Problem description
Transcribe the data underneath exactly. No images belong in your version.

#### Dataset excerpt

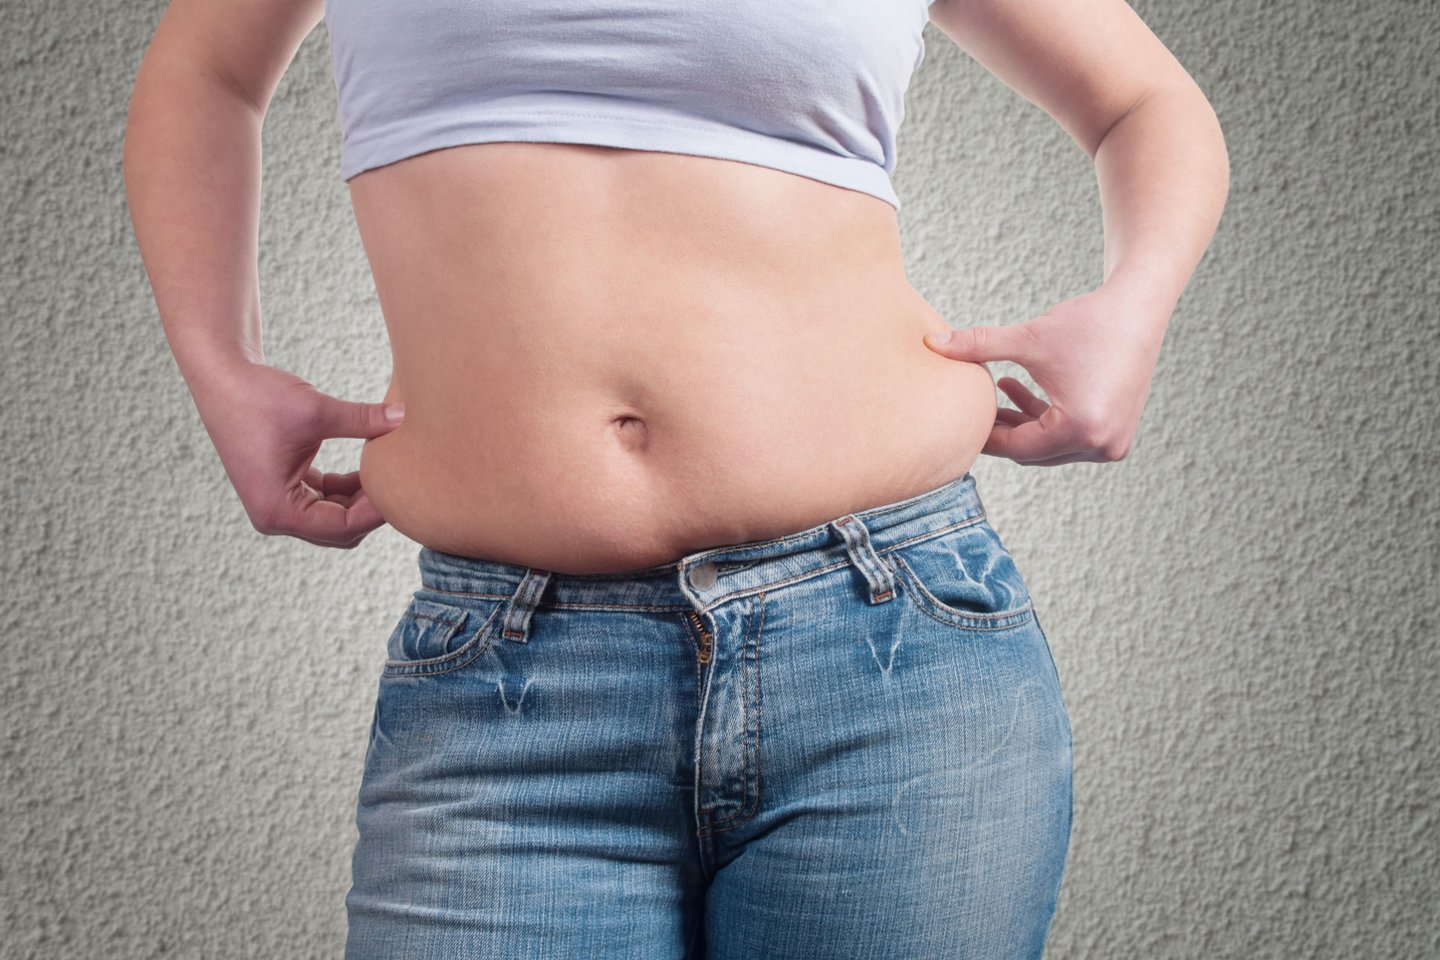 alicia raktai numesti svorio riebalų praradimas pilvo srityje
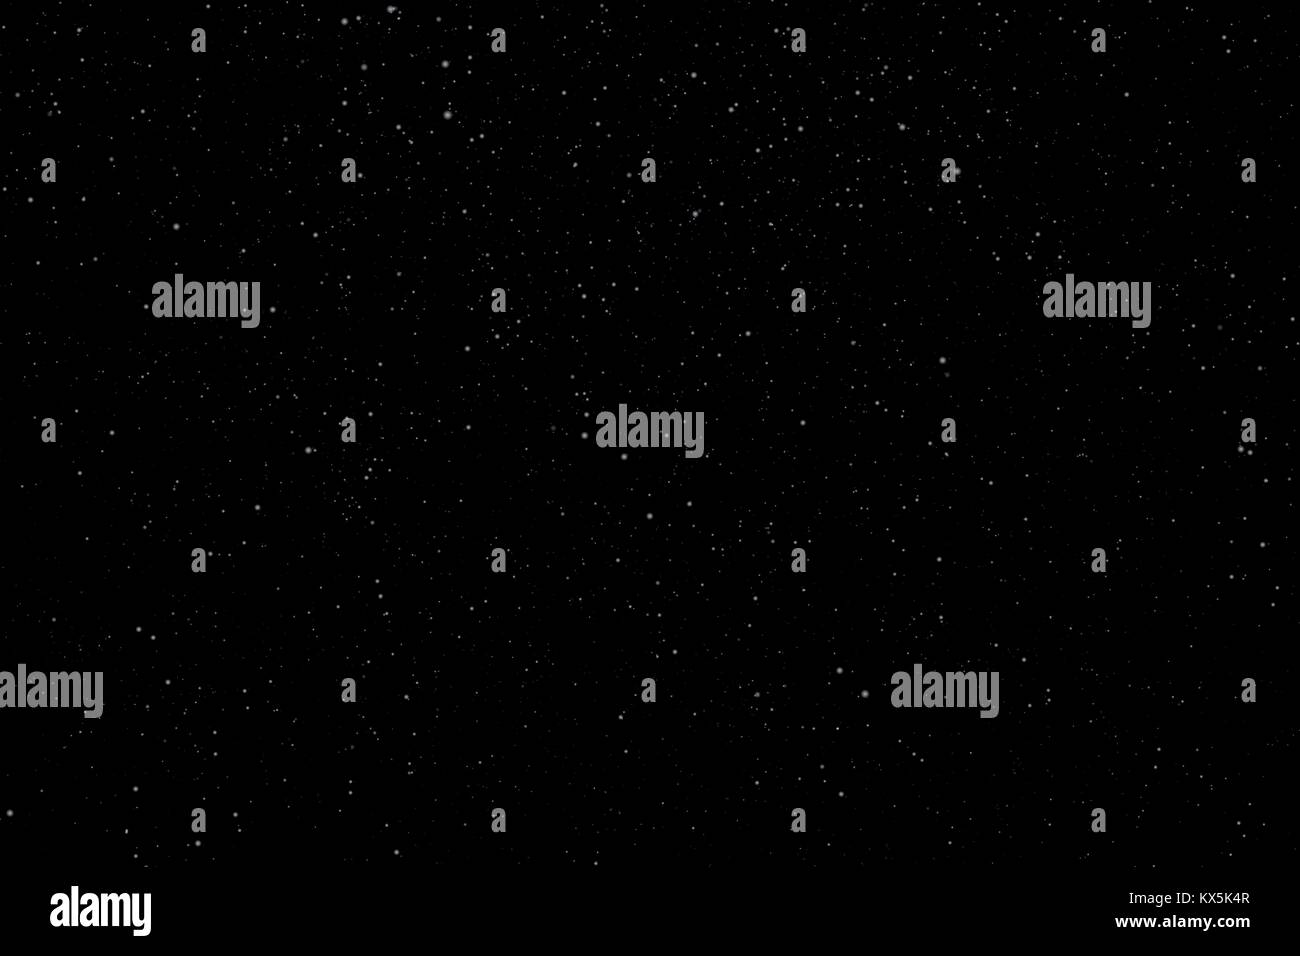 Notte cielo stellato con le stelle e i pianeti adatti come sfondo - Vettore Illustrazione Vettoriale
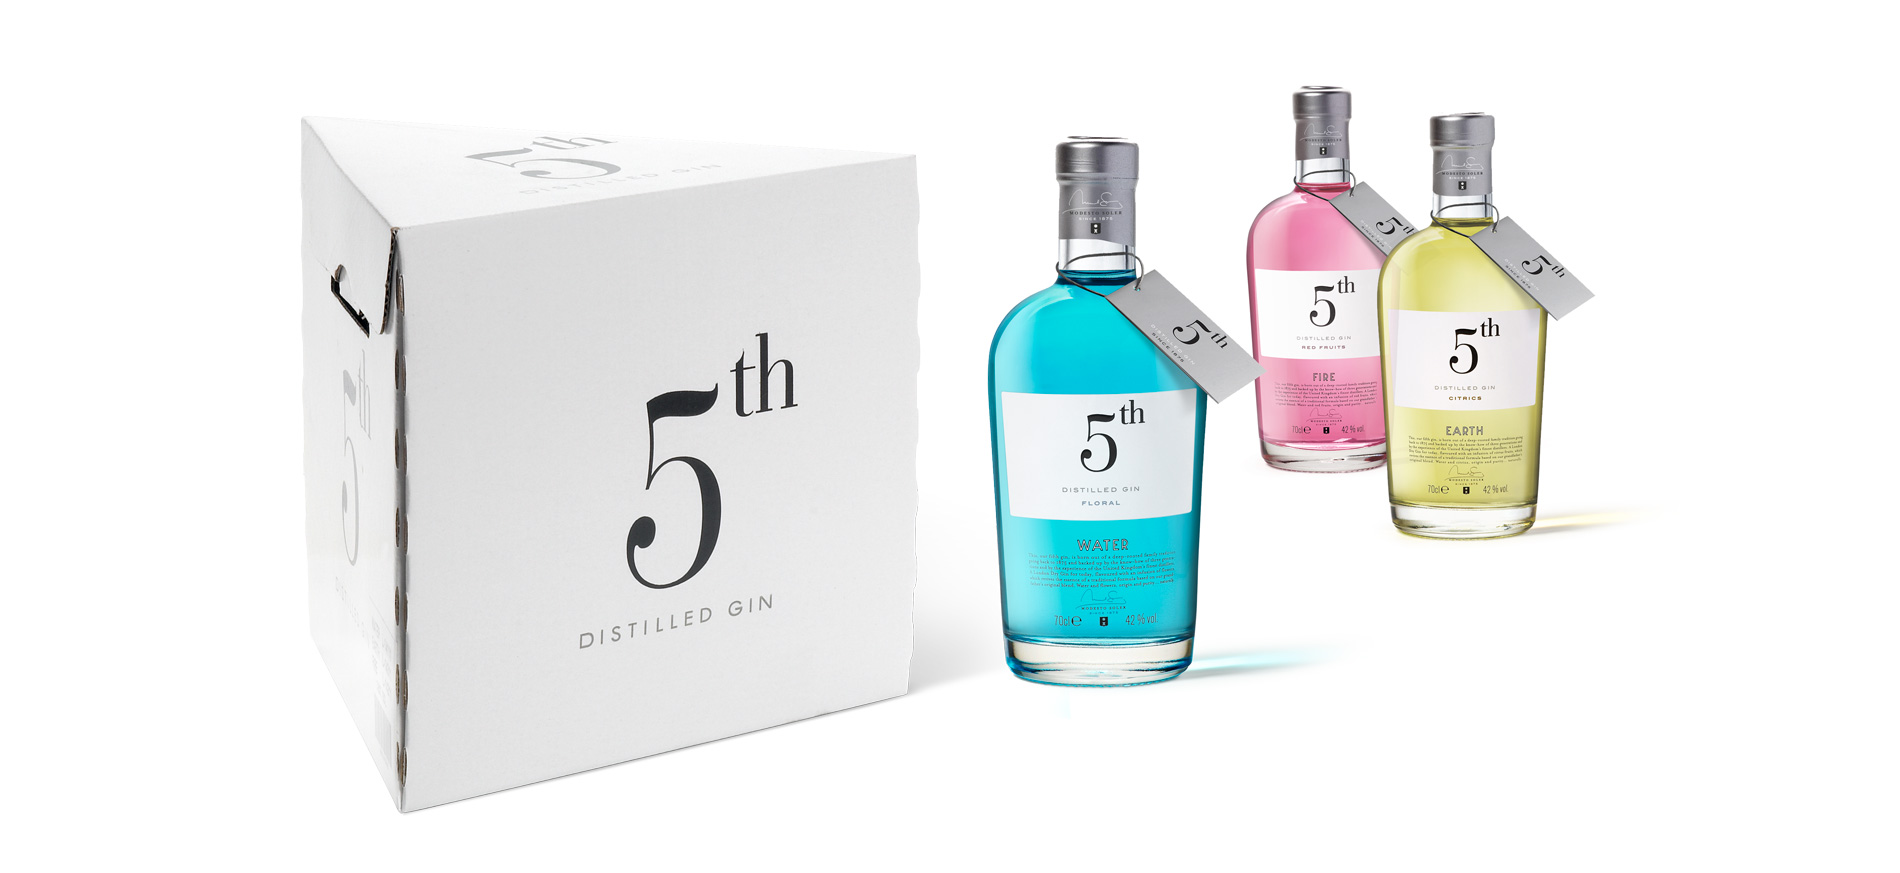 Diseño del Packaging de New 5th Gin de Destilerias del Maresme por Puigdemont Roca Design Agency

########

Completed exercise
 alicia raktai numesti svorio riebalų praradimas pilvo srityje
 Notte cielo stellato con le stelle e i pianeti adatti come sfondo - Vettore Illustrazione Vettoriale
 Diseño del Packaging de New 5th Gin de Destilerias del Maresme por Puigdemont Roca Design Agency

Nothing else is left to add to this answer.